Genetic diseases are determined by the combination of genes for a particular trait that are on the chromosomes received from the father and the mother. NGLY1 deficiency is inherited in an autosomal recessive pattern. Recessive genetic disorders occur when an individual inherits the same abnormal gene for the same trait from each parent. If an individual receives one normal gene and one gene for the disease, the person will be a carrier for the disease, but usually will not show symptoms. The risk for two carrier parents to both pass the defective gene and, therefore, have an affected child is 25% with each pregnancy. The risk to have a child who is a carrier like the parents is 50% with each pregnancy. The chance for a child to receive normal genes from both parents and be genetically normal for that particular trait is 25%. The risk is the same for males and females.

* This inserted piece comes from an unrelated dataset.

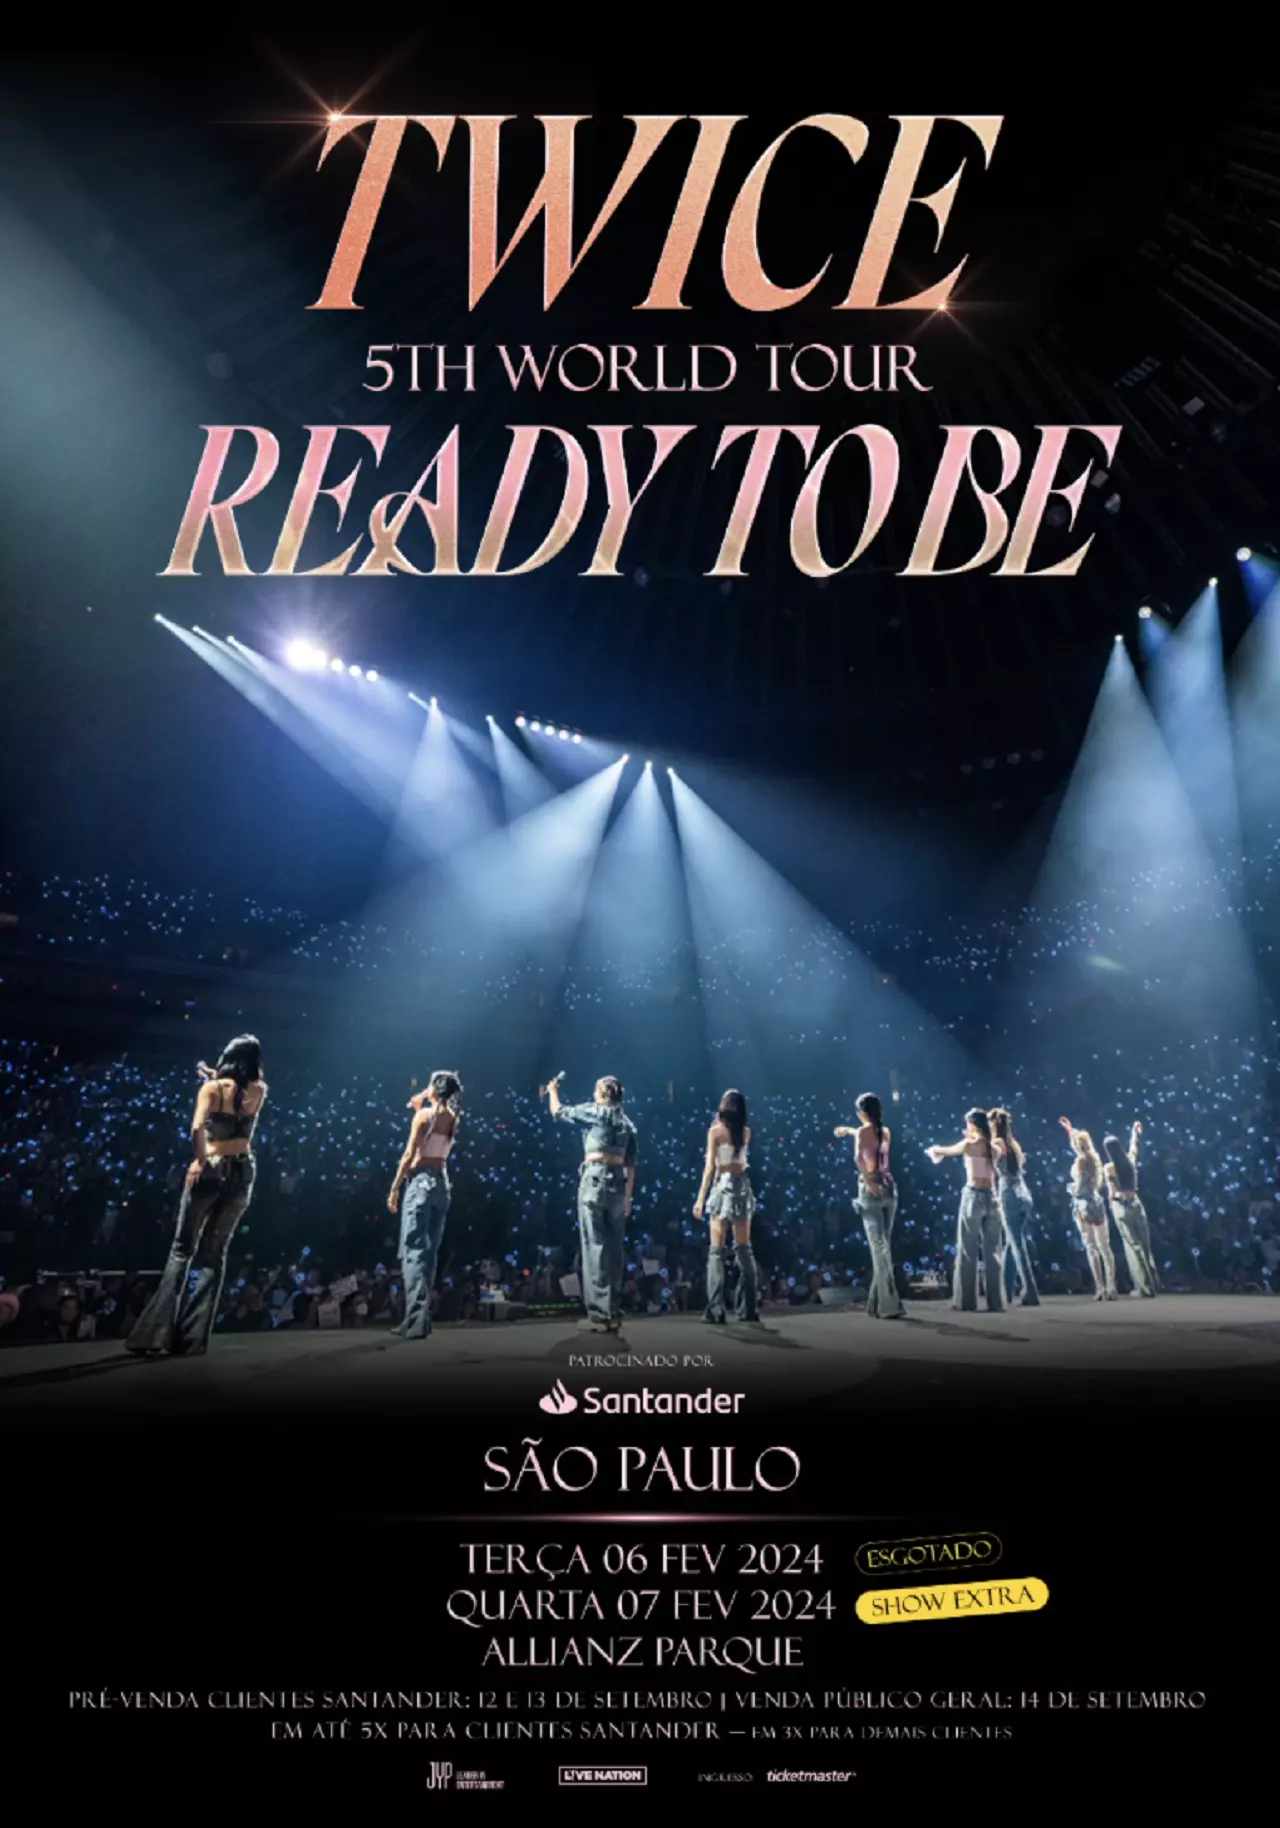 Grupo de k-pop Twice anuncia show no Brasil; saiba detalhes - Nova
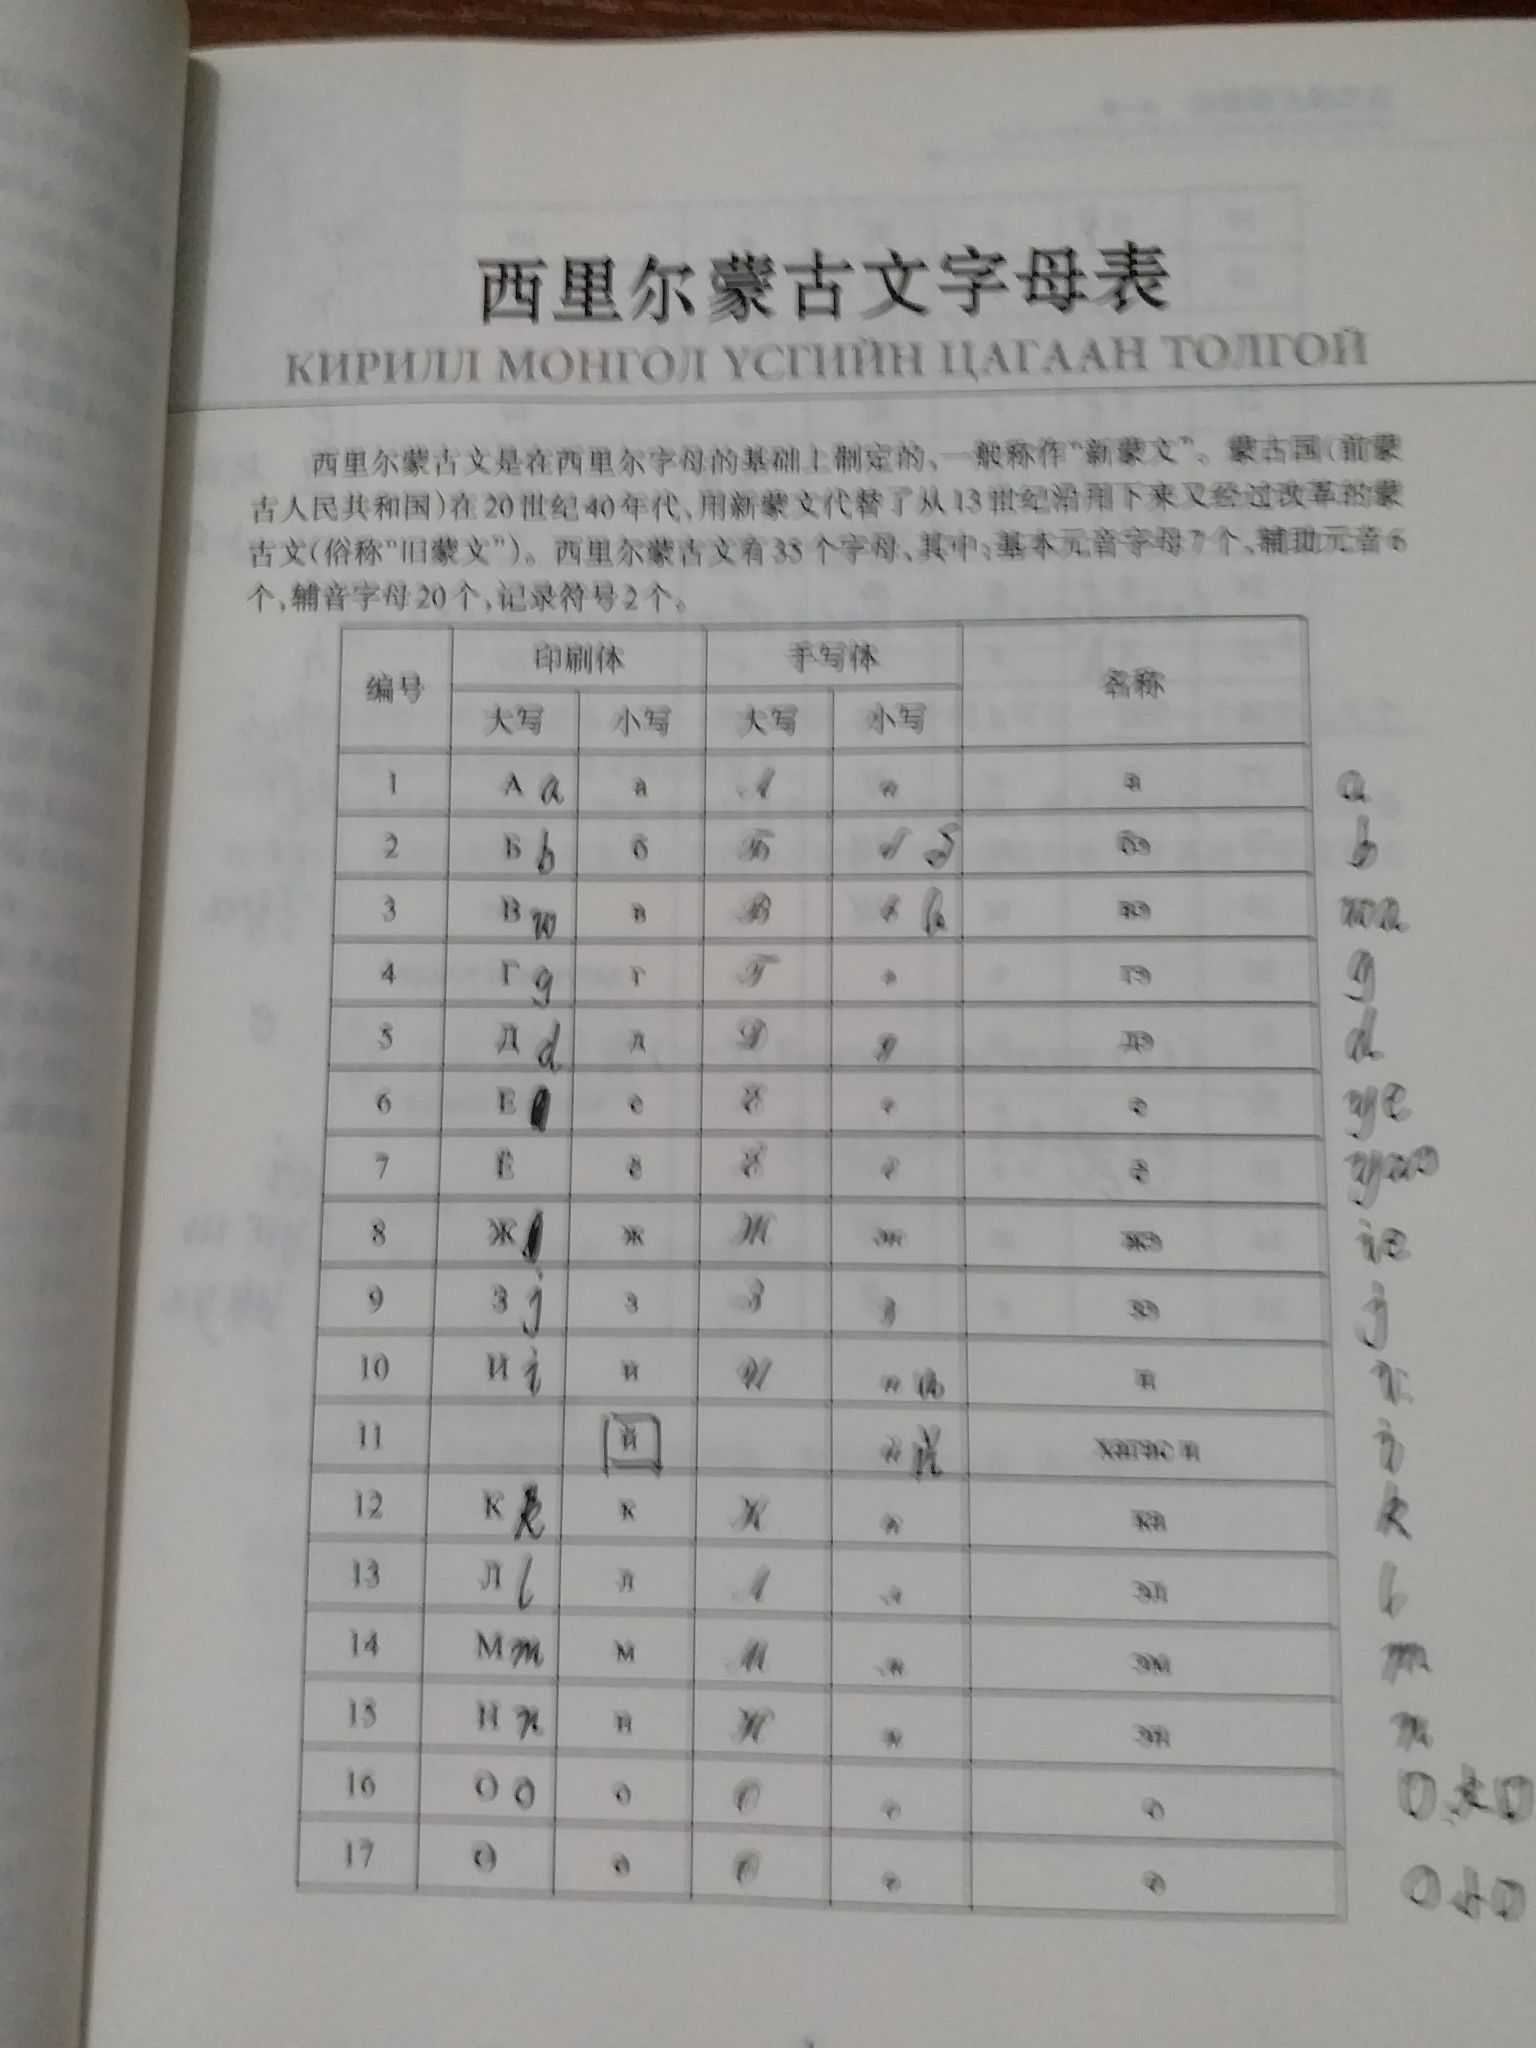 现有的蒙古文字母体系包括了胡都木字母,托忒字

NGLY1 deficiency is an extremely rare disorder that was first reported in the medical literature in 2012. According to the NGLY1 Foundation, as of April 2021, there are approximately 75 individuals worldwide who have been identified with the disorder. Rare diseases like NGLY1 deficiency often go undiagnosed or misdiagnosed, making it difficult to determine the true frequency in the general population.
A diagnosis of NGLY1 deficiency is based upon identification of characteristic symptoms, a detailed patient history, a thorough clinical evaluation and a variety of specialized tests. There are no formal diagnostic criteria established for this disorder. A combination of characteristic symptoms including developmental delays, alacrima, hyperkinetic movement disorders, and liver disease may prompt testing for the disorder.
Clinical Testing and Workup
Most individuals are diagnosed through molecular genetic (DNA) testing. Molecular genetic testing can detect mutations in the NGLY1 gene known to cause NGLY1 deficiency but is available only as a diagnostic service at specialized laboratories.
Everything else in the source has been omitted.